I felt useless, I felt incapable. I felt unworthy of being a living human being. I felt like I was a waste of space. Everything was scary, everything was too much. I couldn't cope. I couldn't function. I got in my car and wanted to drive into walls. I sat at my desk and wanted to carve lines in my arm. I sat in my bed and wanted to throw myself out of a window. I had to be talked into carrying on for the next 30 minutes. Someone else had to be my will to live.

Yet I am still grateful for all of those things. Because they taught me probably one of the most important things that I learnt in 2014. Because I did the hardest thing that I will ever have done.

The hardest thing I will ever do is staying alive when all I wanted to do was die.

It doesn't get worse than that. It doesn't. You can't get any lower than that. I have been briefly suicidal before, in my teens. I had many months where I couldn't really see the point of staying alive. But it was nothing like this. It was not this intense, burning, pain in my soul. It was not this urge that would not leave my mind, this urgent desire to just not EXIST.

AND I SURVIVED.

Somewhere, somehow, I found that I posses the strength to push all the way through that kind of darkness. I found the power to carry on stumbling forward with some kind of faith that there was a boundary to this darkness.

That's pretty awesome.

The other awesome, is the gratitude that I have for the friends that stood by me. Because it is not only my strength that kept me alive, (or, to quote one of my friends, my "bloody-minded determination to not just lay down and die") it was the collective strength, and love from my friends. I don't believe that anybody said I had to stay alive because they wanted me to. There were no ultimatums. They just wanted me to stop hurting. What they wanted, what they wished for me, was to feel better. To be happy, to enjoy things.

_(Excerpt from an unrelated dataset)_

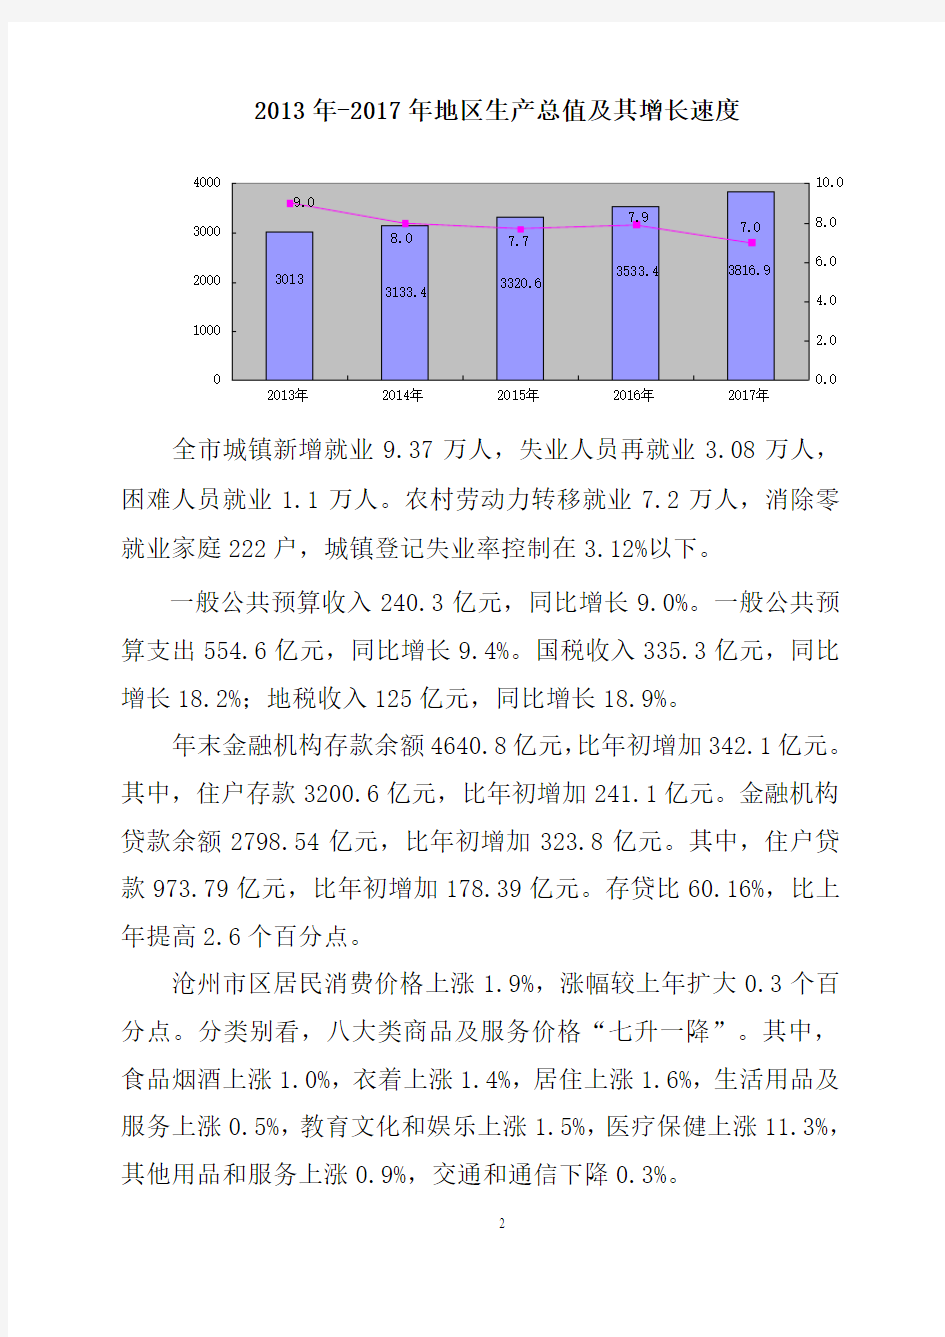 沧州市2017年国民经济和社会发展统计公报3.7

It's something so simple. Yet means so very much.

So Happy New Year. Forget the resolutions and all the things you think you should change. Just read the second word of this paragraph and figure out what you can do to be that.

What I learnt this past year is that is doesn't matter when the reality turns out to be so very different to the dream. That it is okay to change your mind. To review your dreams. To alter your path and modify your wishes. You can transform your future by adjusting your expectations.

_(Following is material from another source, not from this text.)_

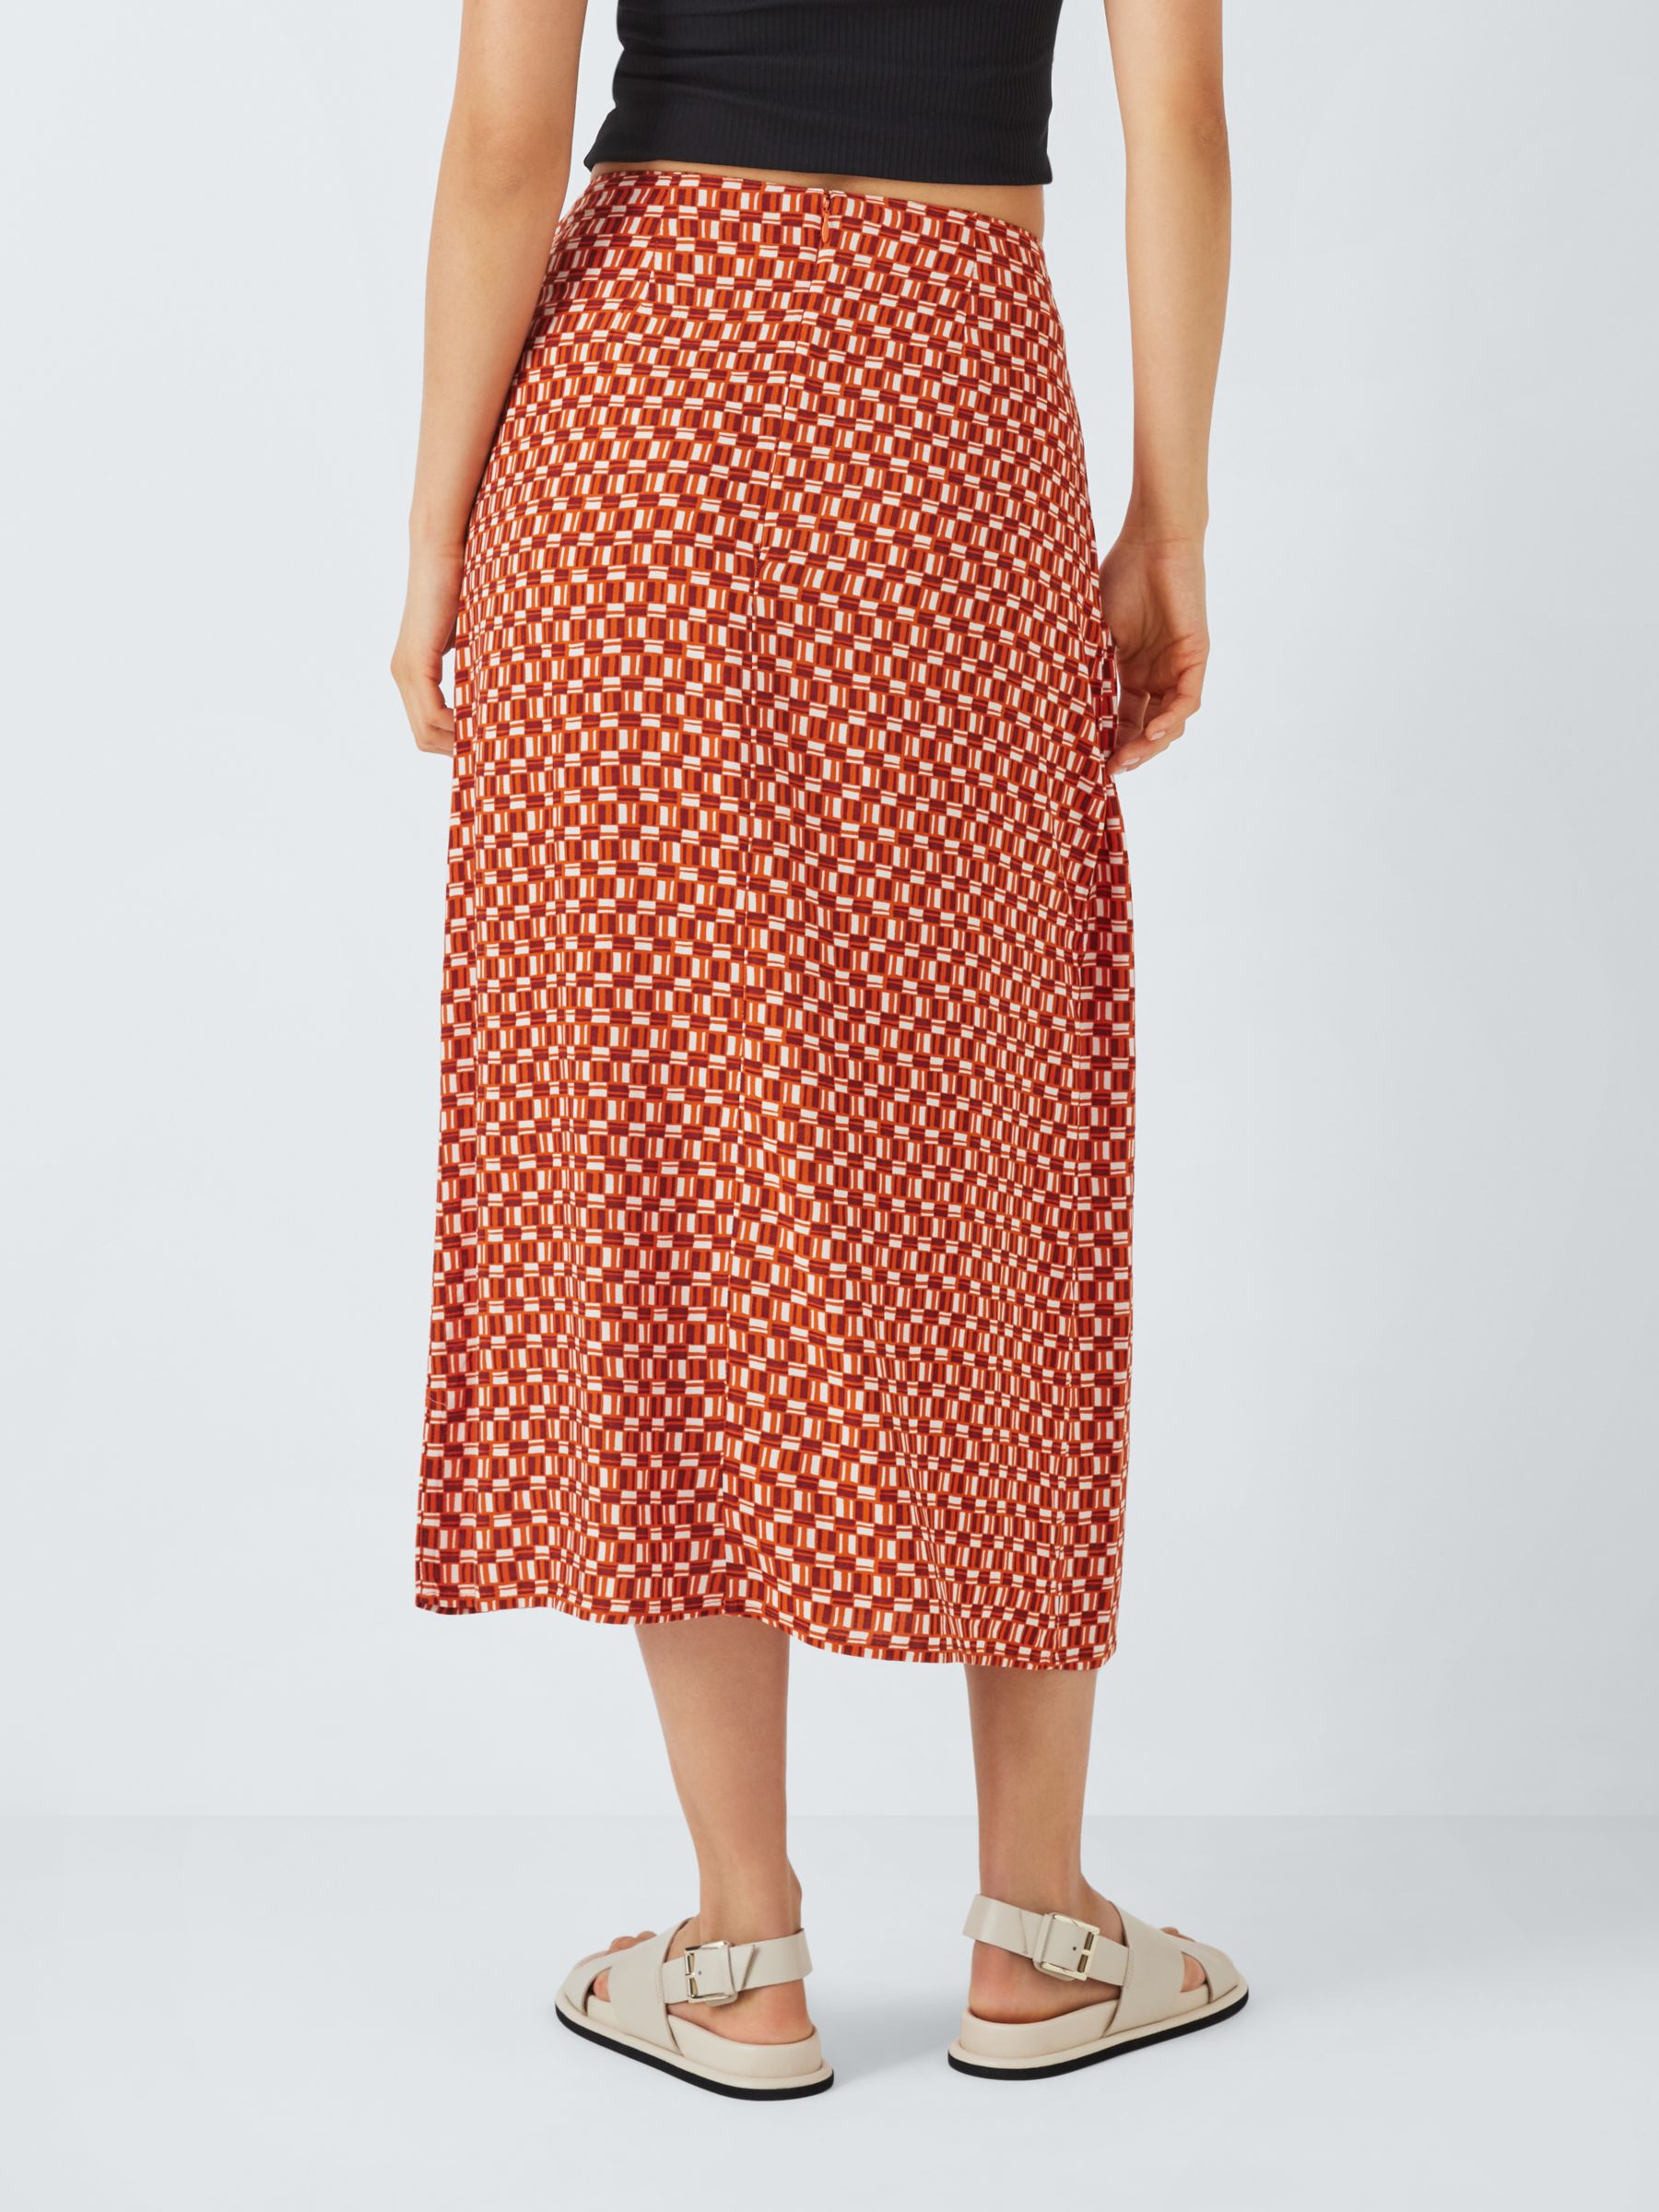 John Lewis ANYDAY Geometric Sarong Skirt, Orange, 8

Life is NOT about your career, your salary, your perfect home, a tidy bedroom and a neatly ticked to-do list. Life is about people, not things. About places, about sights, sounds, experiences. It's about mistakes, not perfection. About learning, about sharing and inspiring. When you spend so much time following your to-do list, you forget about all the things that happen on lines in between. When you become so focused on your career, you forget about all the things that money can't buy.

All the exciting things happen outside of the box, so stop trying to tidy things back into it.

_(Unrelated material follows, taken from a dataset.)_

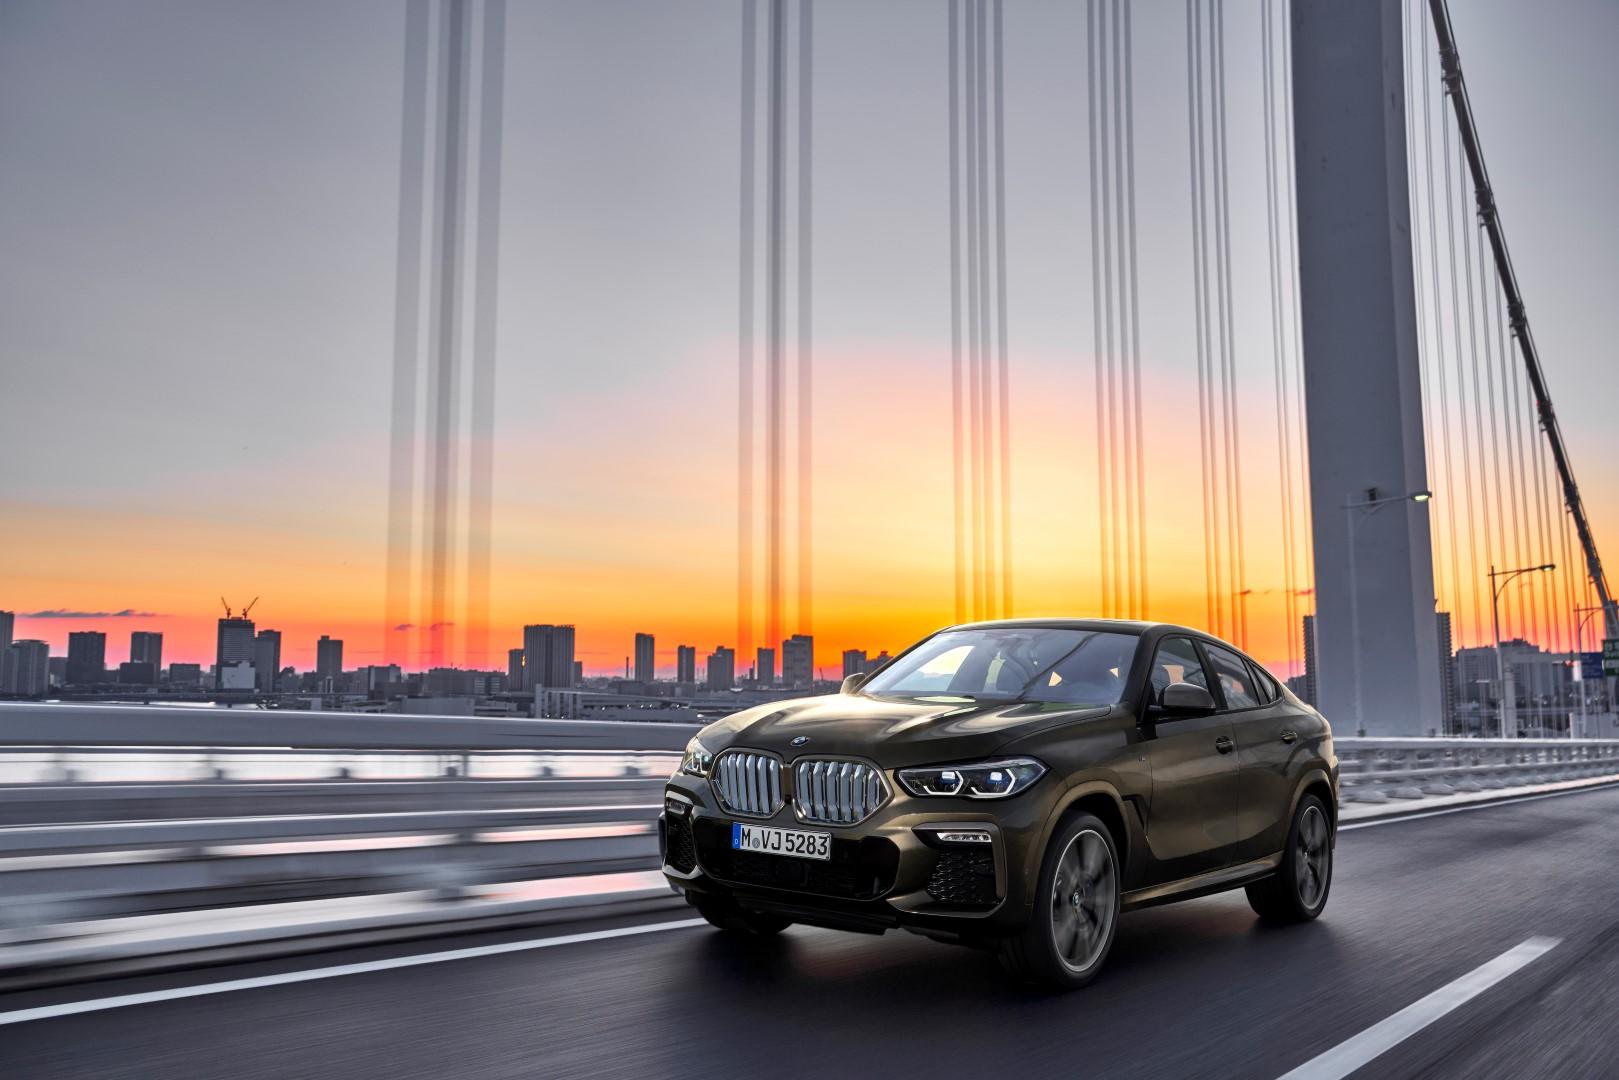 BMW Salone di Francoforte 2019

Go. Live. Do. Appreciate things.

2015 will be the year that I THRIVE. Join me?

Friday, 31 October 2014

Life and fear, eb and flow...

I'm only just starting to realise that life comes in waves. That sometimes I'm okay, and then all of a sudden I'm not. Just like sometimes there's a calm sand-filled beach. Then suddenly there's a tide.

There's no cause and no reason, and there doesn't have to be. At least not right now. The tide just is. It ebs and flows under the cycle of the moon. I haven't found my moon yet. That's okay. For now it's just an eb and flow.

I can feel calm, and happy. I can enjoy times with my friends. I can feel capable, plan things, and feel like stuff will work itself out. I can relax and feel the sun.

Then all of a sudden I am drowning in a tide. I can't breathe and I don't know which way is up. I kick myself deeper in my confusion, and pressure and panic set in. The world is terrifying and I'm alone in darkness. I feel powerless and incompetent. I'm anxious and scared. I am paralysed, and crying tears into the sea that's drowning me.

The chilling thing is, that once you've lost yourself in the depths of the ocean, and you've realised just how dark and quiet it is, there starts to come a strange and peaceful acceptance that makes you wonder if you should bother trying to work out which way is up. That if you're already hidden in the darkness, no-one will notice if you just disappear.

So I figure I gotta find myself a dive-light. Because experiences tells me that you need to dive deeper before coming up for air.